Work required =>
Restate word for word the lines of the material below, from the line with "Turquoise vintage vloerkleed" to the line with "Митинг в поддержку", both lines included, and no others.

Records shown =>
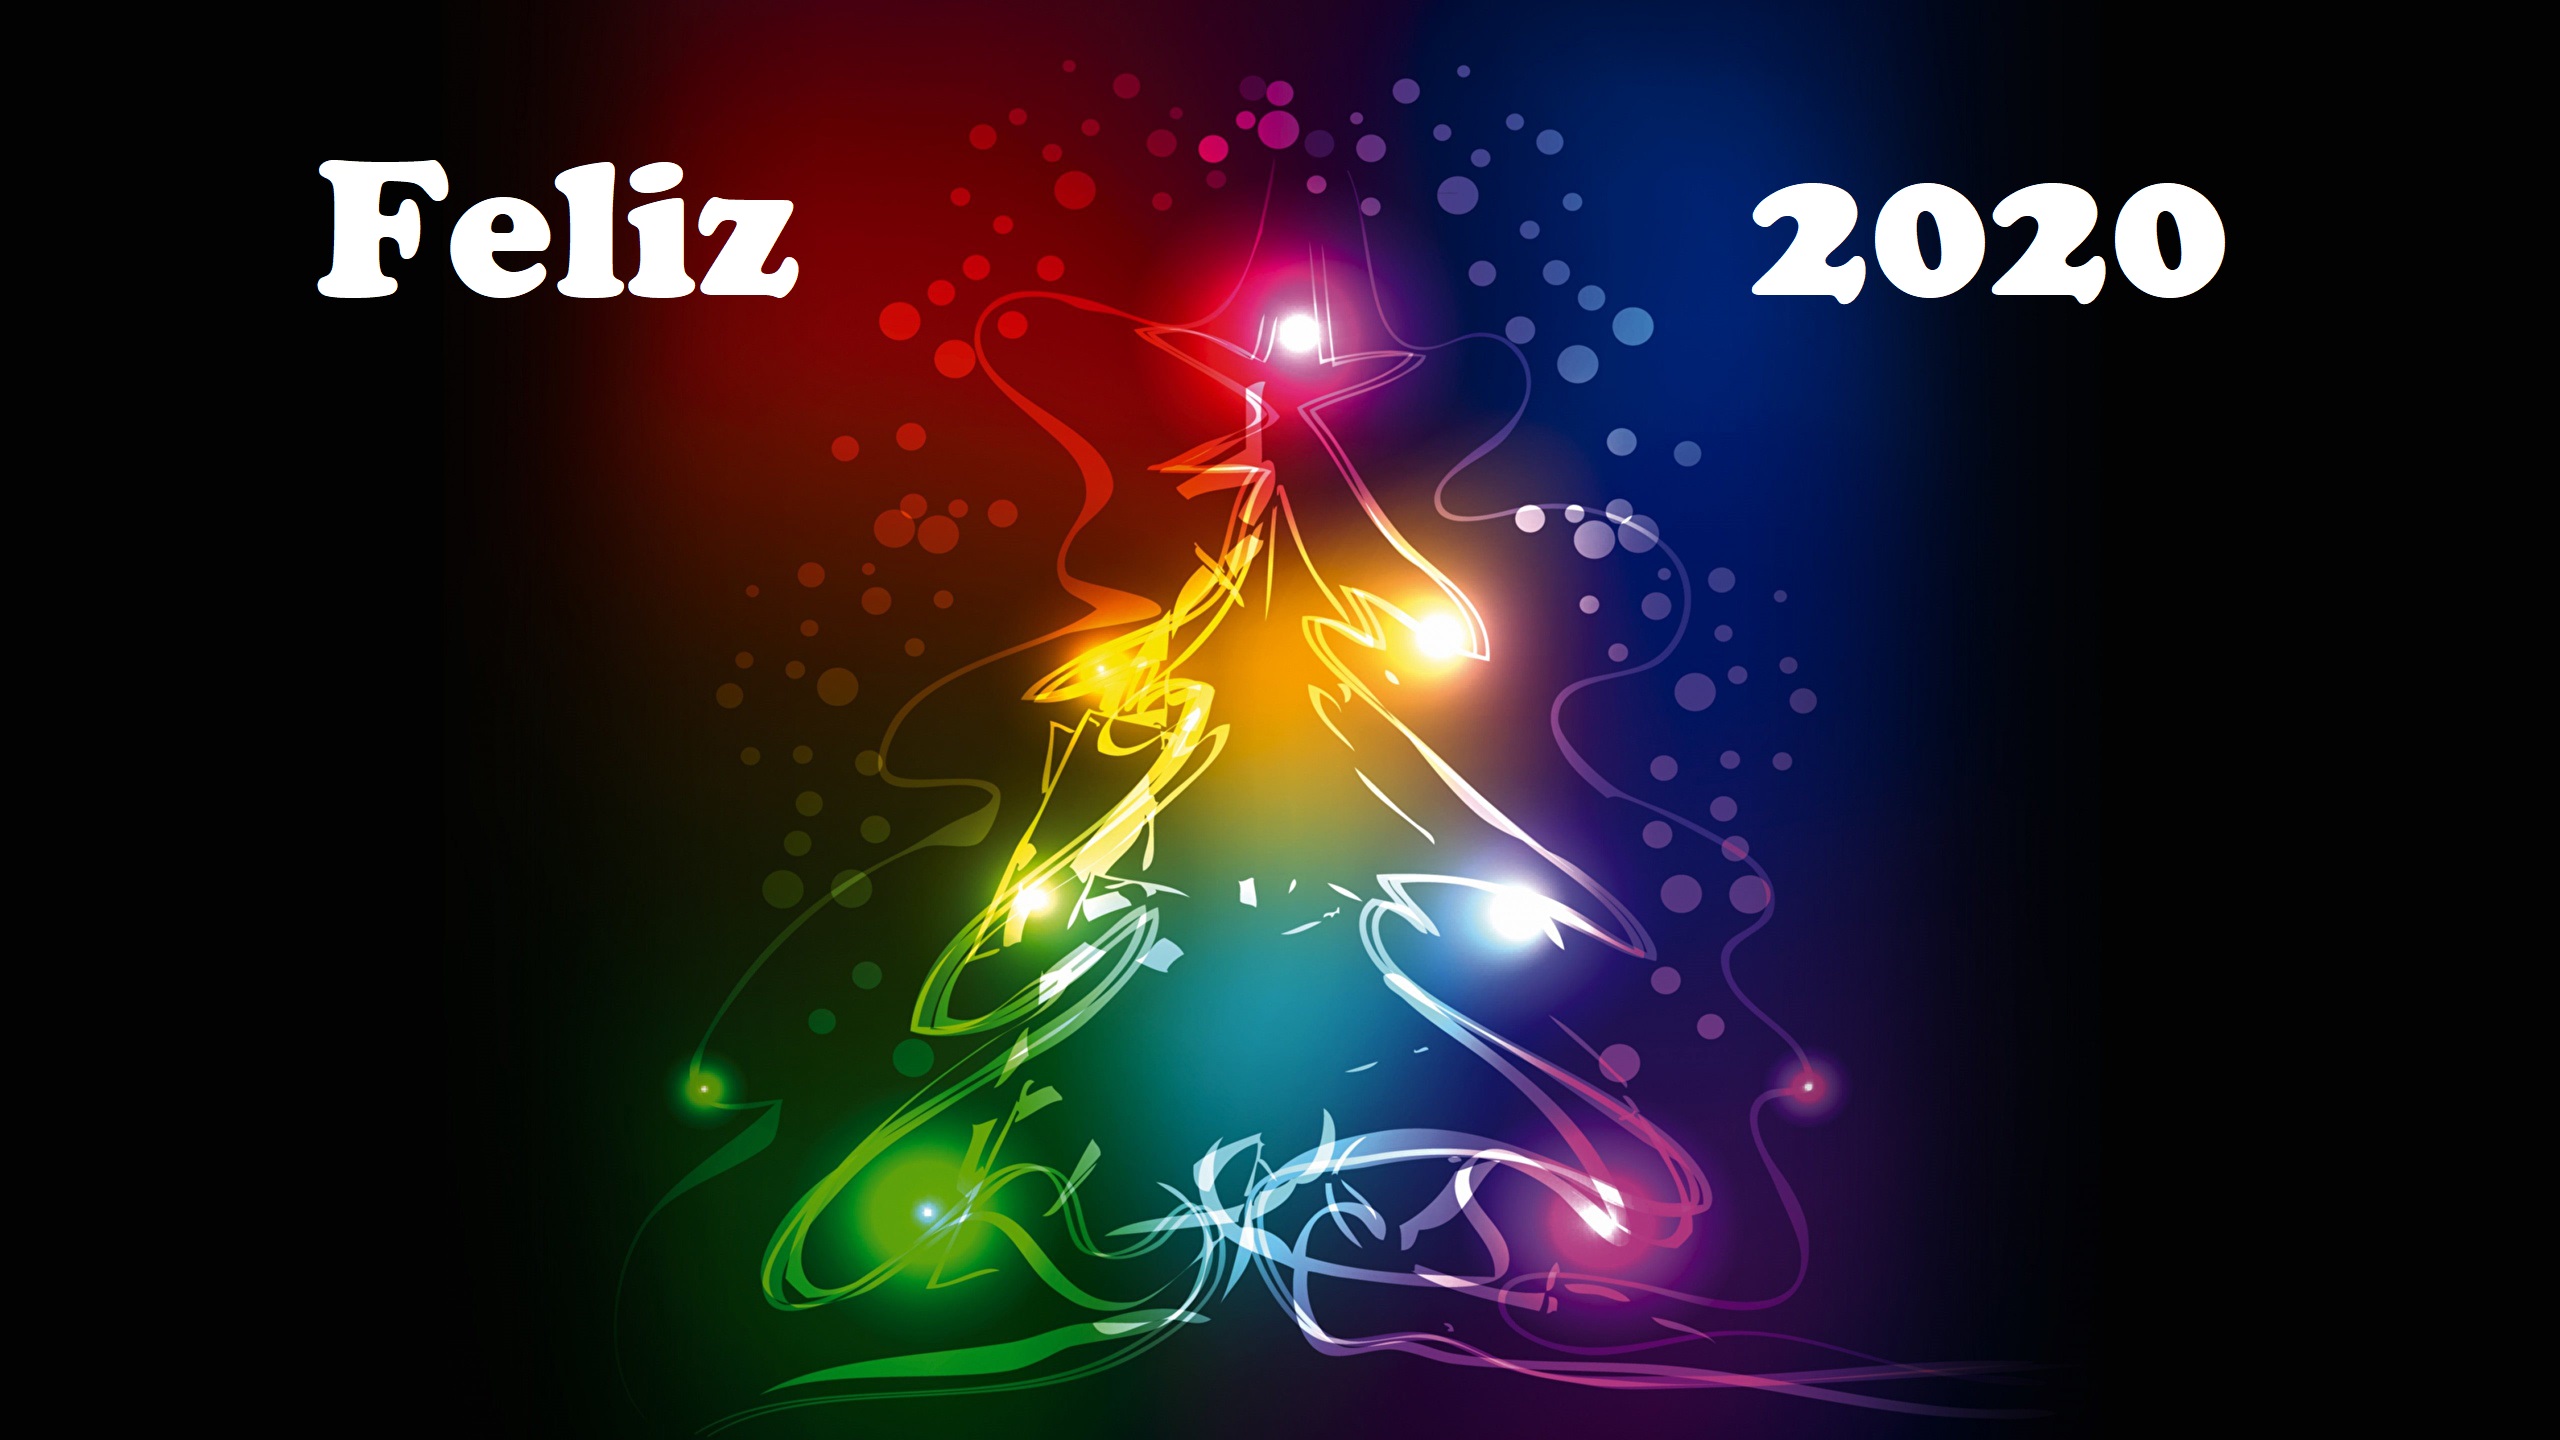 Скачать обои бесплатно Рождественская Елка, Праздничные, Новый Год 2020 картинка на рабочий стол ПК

* * *

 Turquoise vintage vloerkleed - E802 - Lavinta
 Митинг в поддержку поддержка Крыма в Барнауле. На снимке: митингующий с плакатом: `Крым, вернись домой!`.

Solved exercise =>
 Turquoise vintage vloerkleed - E802 - Lavinta
 Митинг в поддержку поддержка Крыма в Барнауле. На снимке: митингующий с плакатом: `Крым, вернись домой!`.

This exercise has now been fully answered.